Management of patients with CHB outside the guidelines: Insights from Egyptian cohort with long-term follow-up

Author:

Shiha Gamal12ORCID,Soliman Riham23ORCID,Hassan Ayman24,Farahat Ahmed2ORCID,Salem Ahmed2,Taha Amr2,Sabry Ramy2,Geith Ahmed2,Elshawaf Ahmed2,Mikhail Nabiel25ORCID

Affiliation:

1. Hepatology and Gastroenterology Unit, Internal Medicine Department, Faculty of Medicine, Mansoura University, El Mansoura, Egypt

2. Egyptian Liver Research Institute and Hospital (ELRIAH), Sherbin, El Mansoura, Egypt

3. Tropical Medicine Department, Faculty of Medicine, Port Said University, Port Said, Egypt

4. Higher Institute of Applied Medical Sciences, Sherbin, El Mansoura, Egypt

5. Biostatistics and Cancer Epidemiology Department, South Egypt Cancer Institute, Assuit University, Assuit, El Fateh, Egypt

Abstract

It is alarming that globally, only 2.2% (6.6 million) of patients with chronic hepatitis B (CHB) received treatment in 2019. One contributing factor to this low treatment rate is the complexity and restrictive nature of clinical practice guidelines.

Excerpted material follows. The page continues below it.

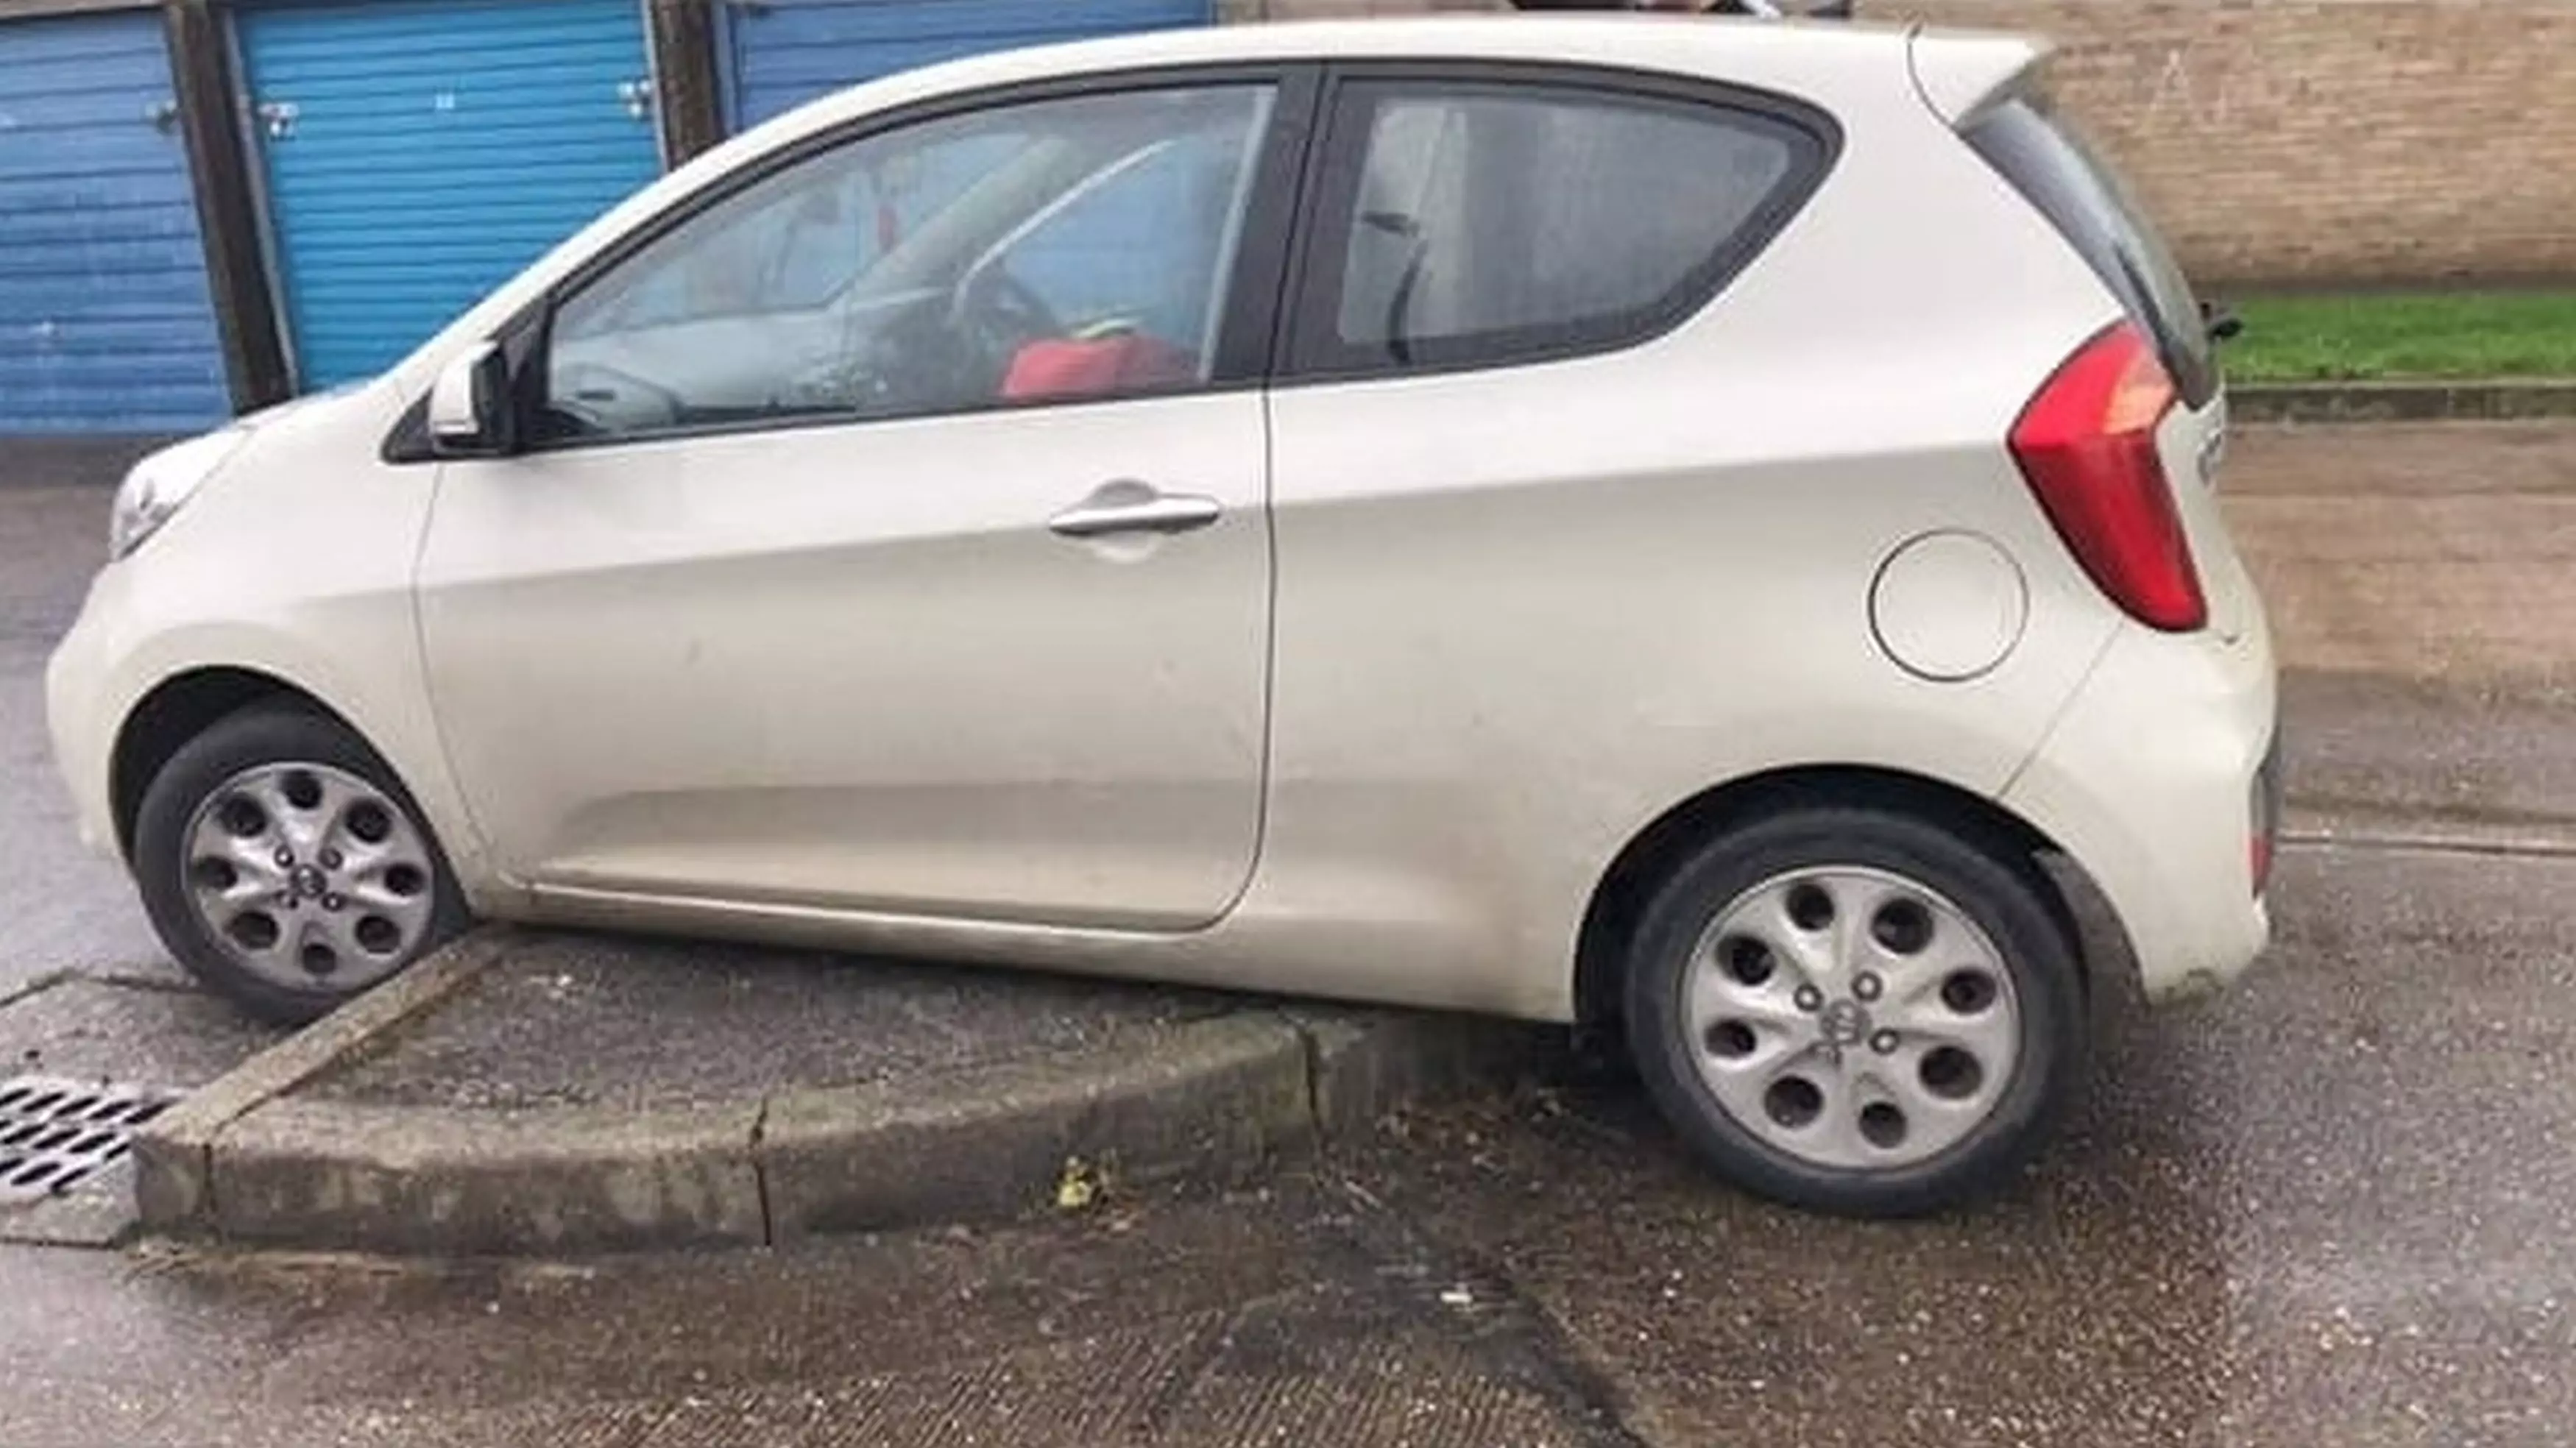 Man Gets His Car Wedged Onto Kerb For An Hour While Delivering Food

Since 1998, we have adopted a “treat-all” approach to patients with CHB. A retrospective study was conducted involving patients with CHB who received treatment from 1998 to 2020 at 2 institutions in Egypt. These patients underwent evaluation through various clinical and laboratory methods, which included testing for liver enzymes and HBV DNA. The study analyzed 1825 patients with HBV, finding that 27.4% had viremia levels under 2000 IU/mL. Most (88%) were HBeAg-negative, with 12% positive. A large portion (77.6%) had normal alanine aminotransferase levels, though 5.6% exceeded twice the upper limit of normal. About 14.2% were diagnosed with liver cirrhosis, and 9.6% with F3 stage fibrosis at enrollment. Notably, 2% (25 cases) lost HBsAg over a median of 52 months. Patients with HBV DNA <2000 IU/mL had a higher HBsAg loss rate (4.2%) compared to those with levels >2000 IU/mL (1.3%). During follow-up, 9.5% (117 patients) experienced decompensation, with a higher incidence in those with HBV DNA <2000 IU/mL (16.8%) than those >2000 IU/mL (7.1%). HCC developed in 5.2% of patients with lower HBV DNA and 2.6% with higher levels, showing significant differences. Liver-related deaths occurred in 2.8% of the cohort, with a slightly higher rate in those with lower initial HBV DNA levels (3.5% vs. 2.5%). The findings suggest a paradigm shift in CHB management toward early and broader eligibility for antiviral therapy. This could improve patient outcomes and address the global treatment gap in CHB management, especially in regions with high CHB prevalence.